[Work to complete] Using the listing below, output only the lines from the one that contains "Funny Hoodies Pants" through the one that contains "Сушилка для салата.", inclusive, exactly as given and without images.

[Given information]
────

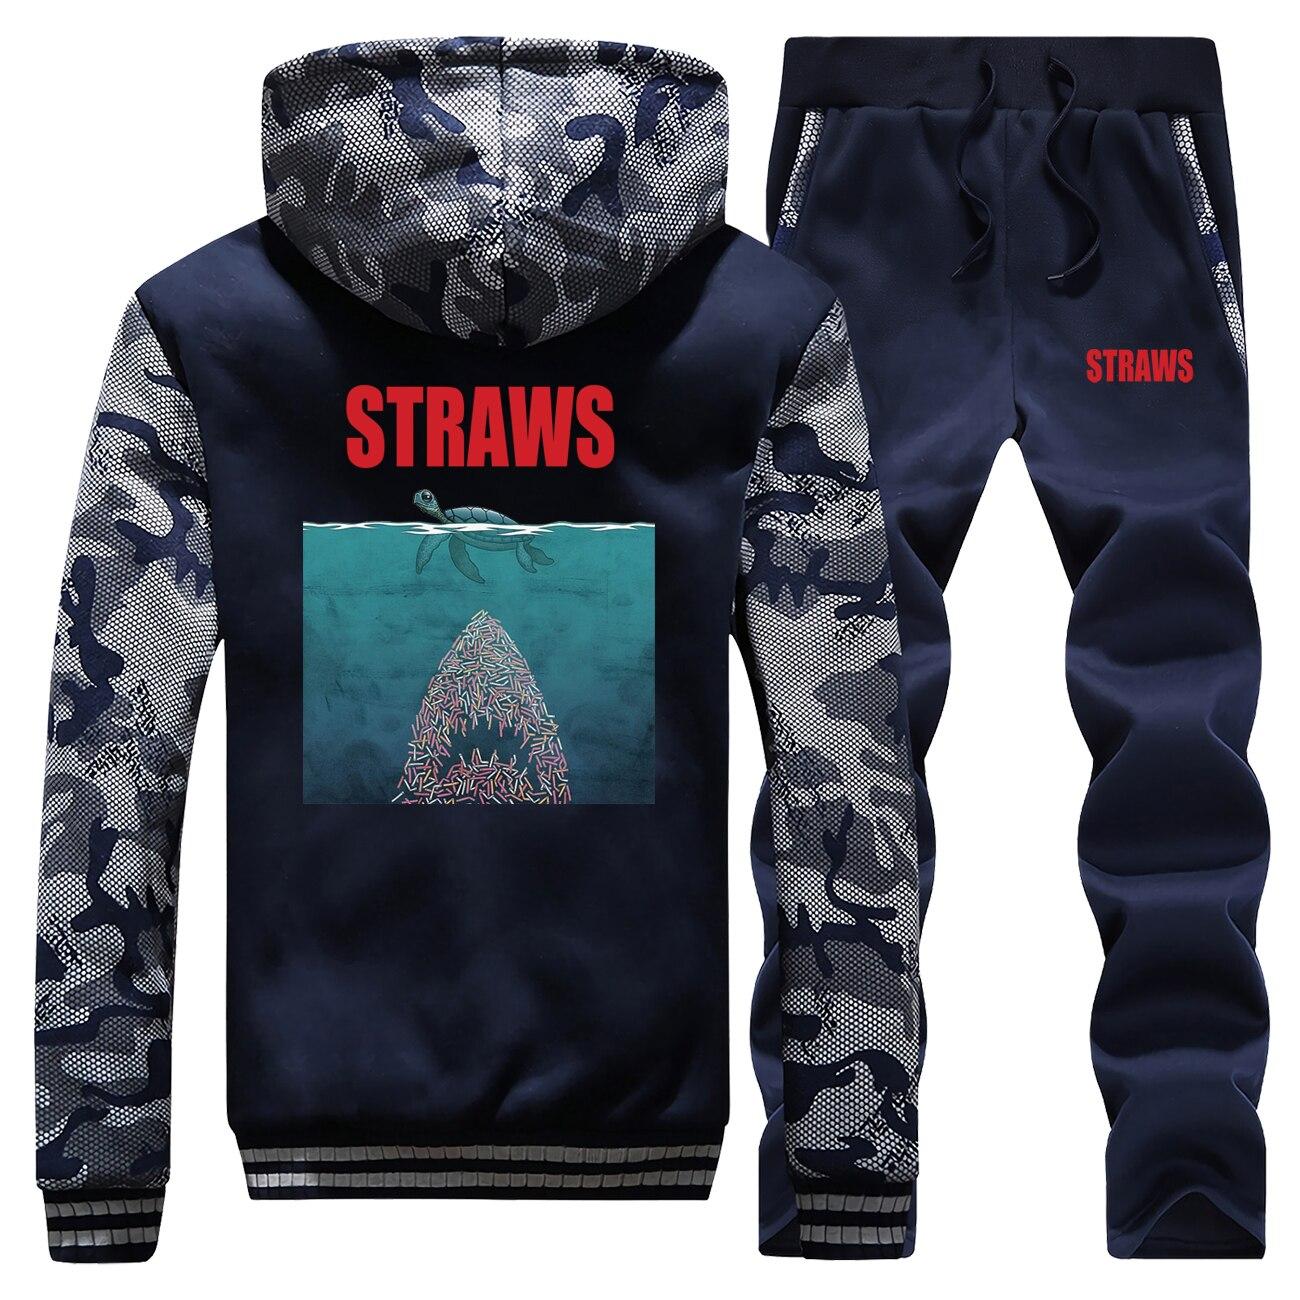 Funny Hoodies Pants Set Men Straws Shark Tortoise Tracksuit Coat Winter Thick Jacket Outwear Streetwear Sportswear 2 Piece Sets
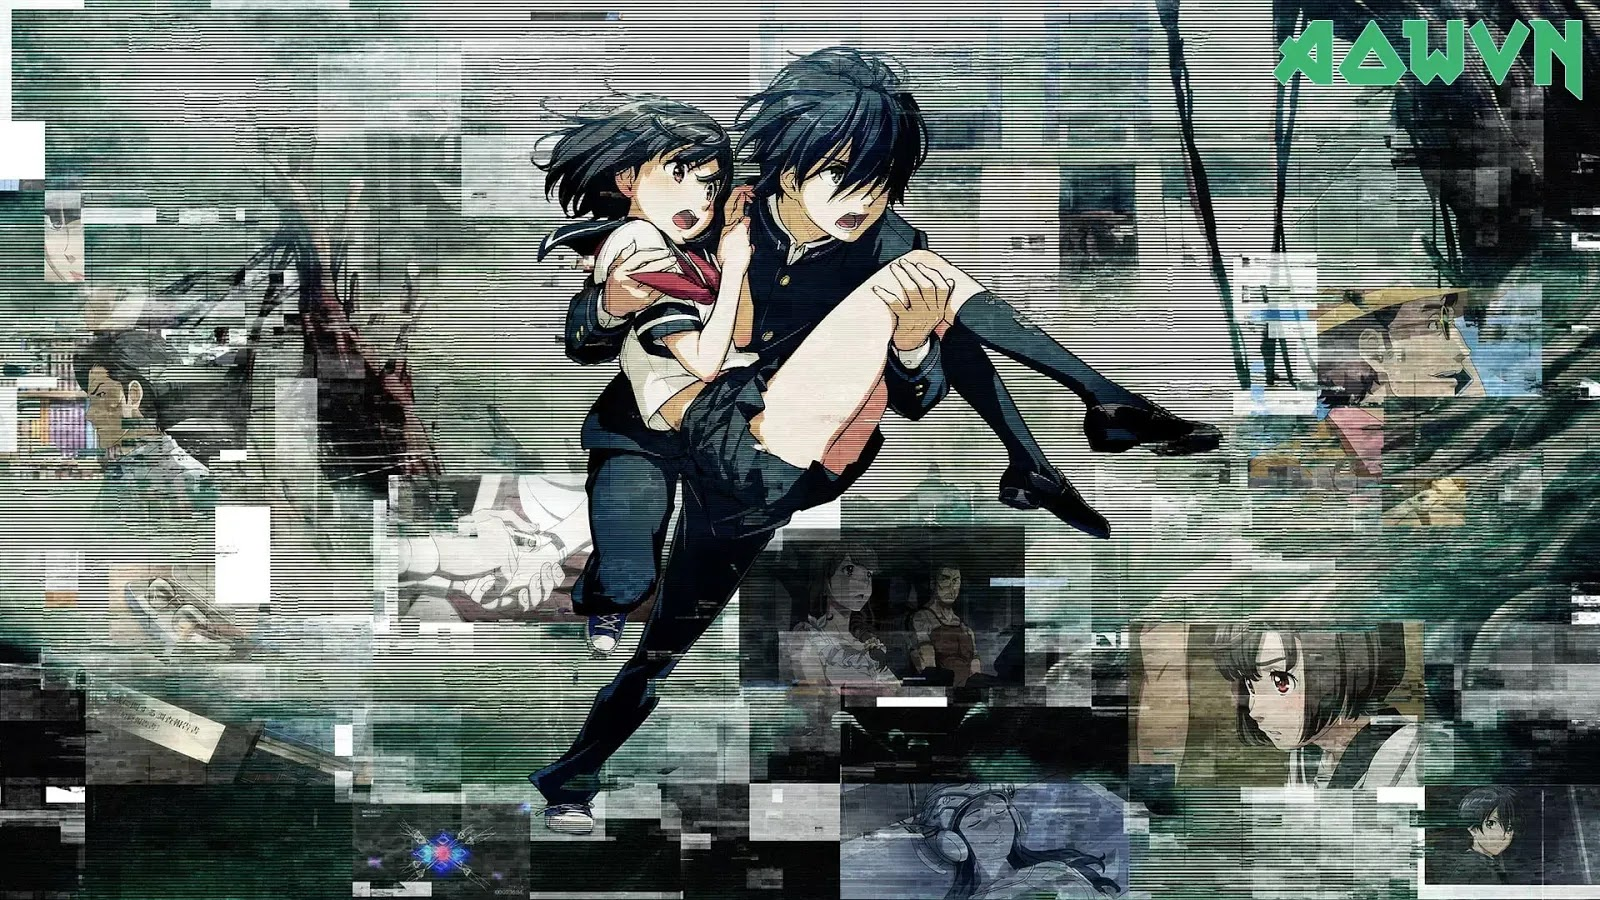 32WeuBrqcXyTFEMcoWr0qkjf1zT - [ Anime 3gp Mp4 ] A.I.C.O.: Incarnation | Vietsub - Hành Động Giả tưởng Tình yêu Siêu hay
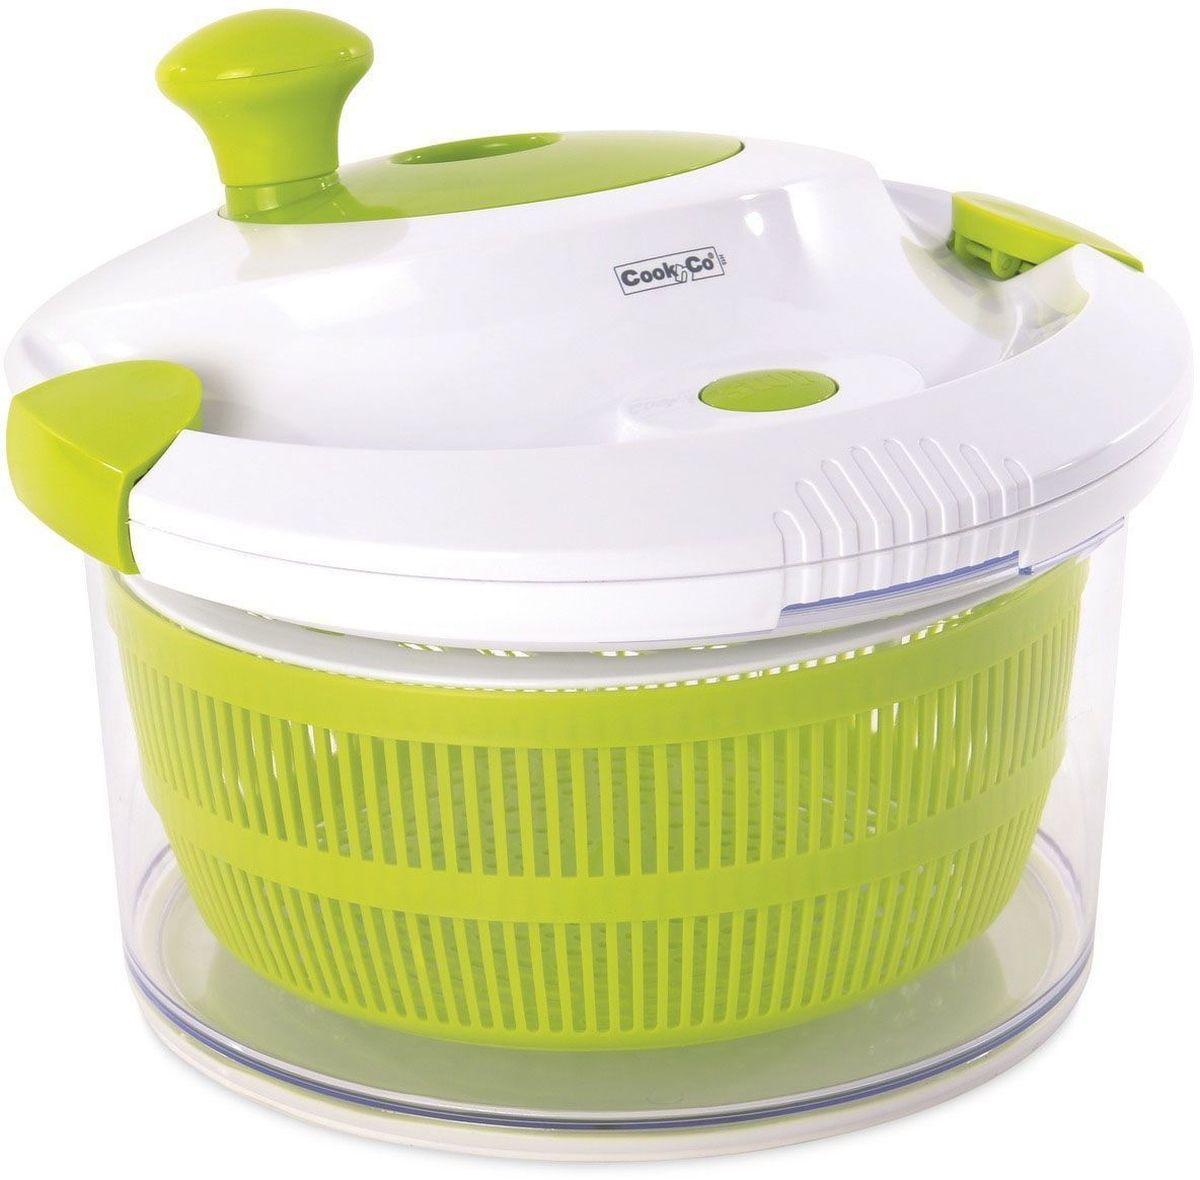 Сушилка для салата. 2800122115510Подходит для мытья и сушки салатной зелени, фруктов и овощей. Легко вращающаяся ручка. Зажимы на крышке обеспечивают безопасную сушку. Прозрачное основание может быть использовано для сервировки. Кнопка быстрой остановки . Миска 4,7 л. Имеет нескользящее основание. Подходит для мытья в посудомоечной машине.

────

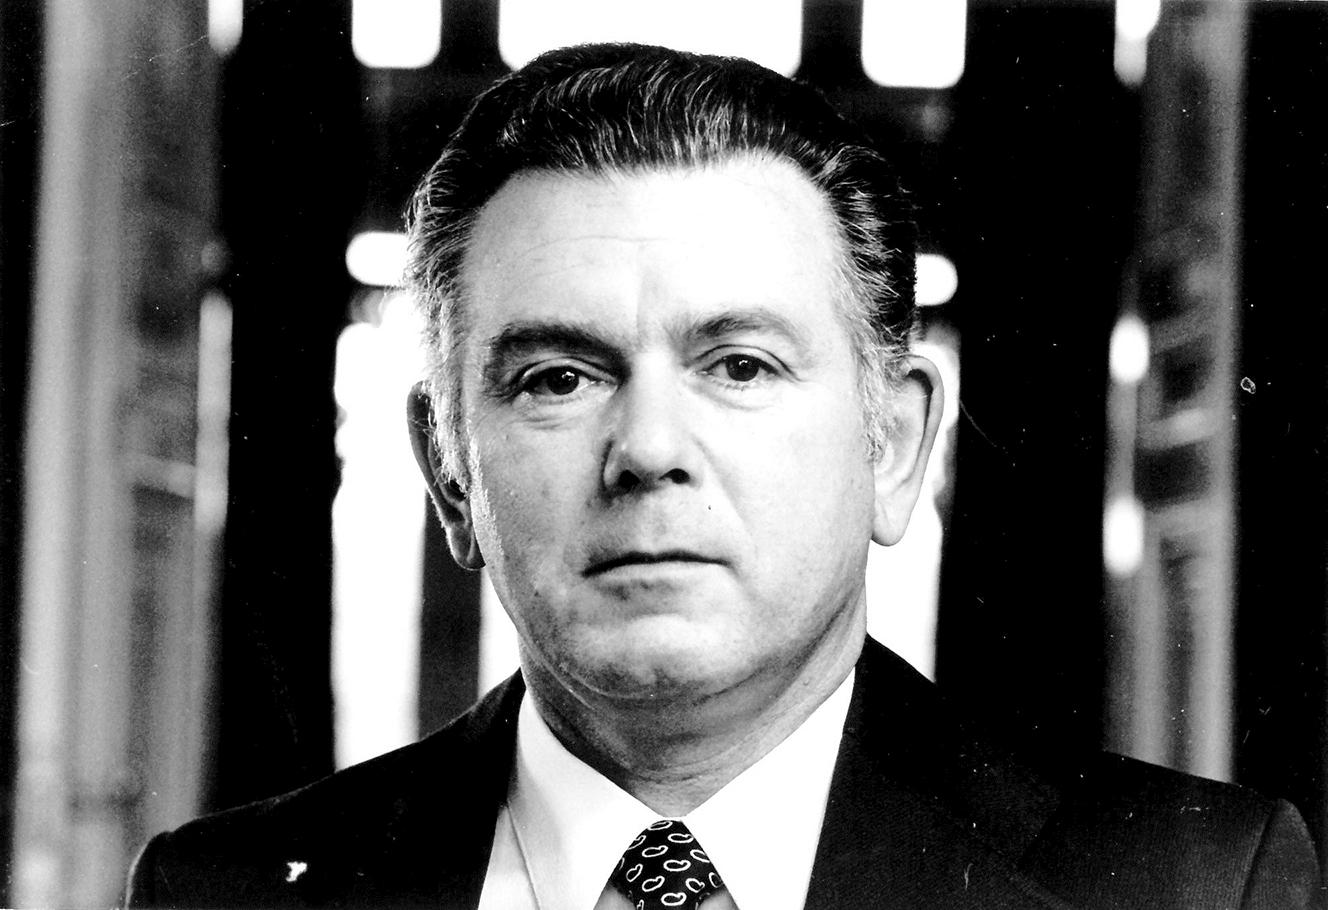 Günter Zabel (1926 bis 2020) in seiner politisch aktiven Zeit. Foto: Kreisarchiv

────

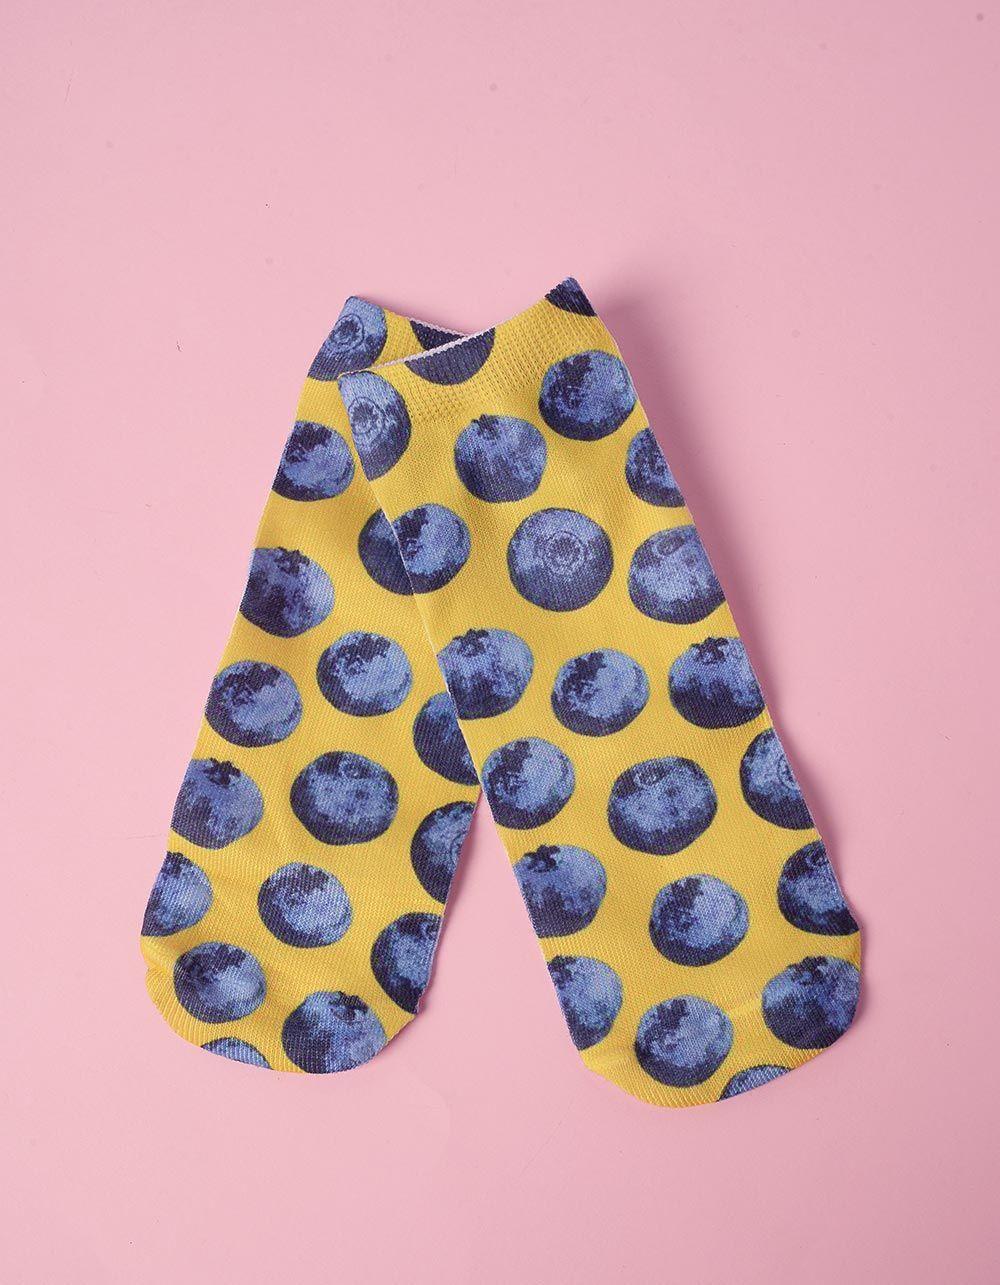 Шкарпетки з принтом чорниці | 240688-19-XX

────

[Answer space]
 Funny Hoodies Pants Set Men Straws Shark Tortoise Tracksuit Coat Winter Thick Jacket Outwear Streetwear Sportswear 2 Piece Sets
 32WeuBrqcXyTFEMcoWr0qkjf1zT - [ Anime 3gp Mp4 ] A.I.C.O.: Incarnation | Vietsub - Hành Động Giả tưởng Tình yêu Siêu hay
 Сушилка для салата. 2800122115510Подходит для мытья и сушки салатной зелени, фруктов и овощей. Легко вращающаяся ручка. Зажимы на крышке обеспечивают безопасную сушку. Прозрачное основание может быть использовано для сервировки. Кнопка быстрой остановки . Миска 4,7 л. Имеет нескользящее основание. Подходит для мытья в посудомоечной машине.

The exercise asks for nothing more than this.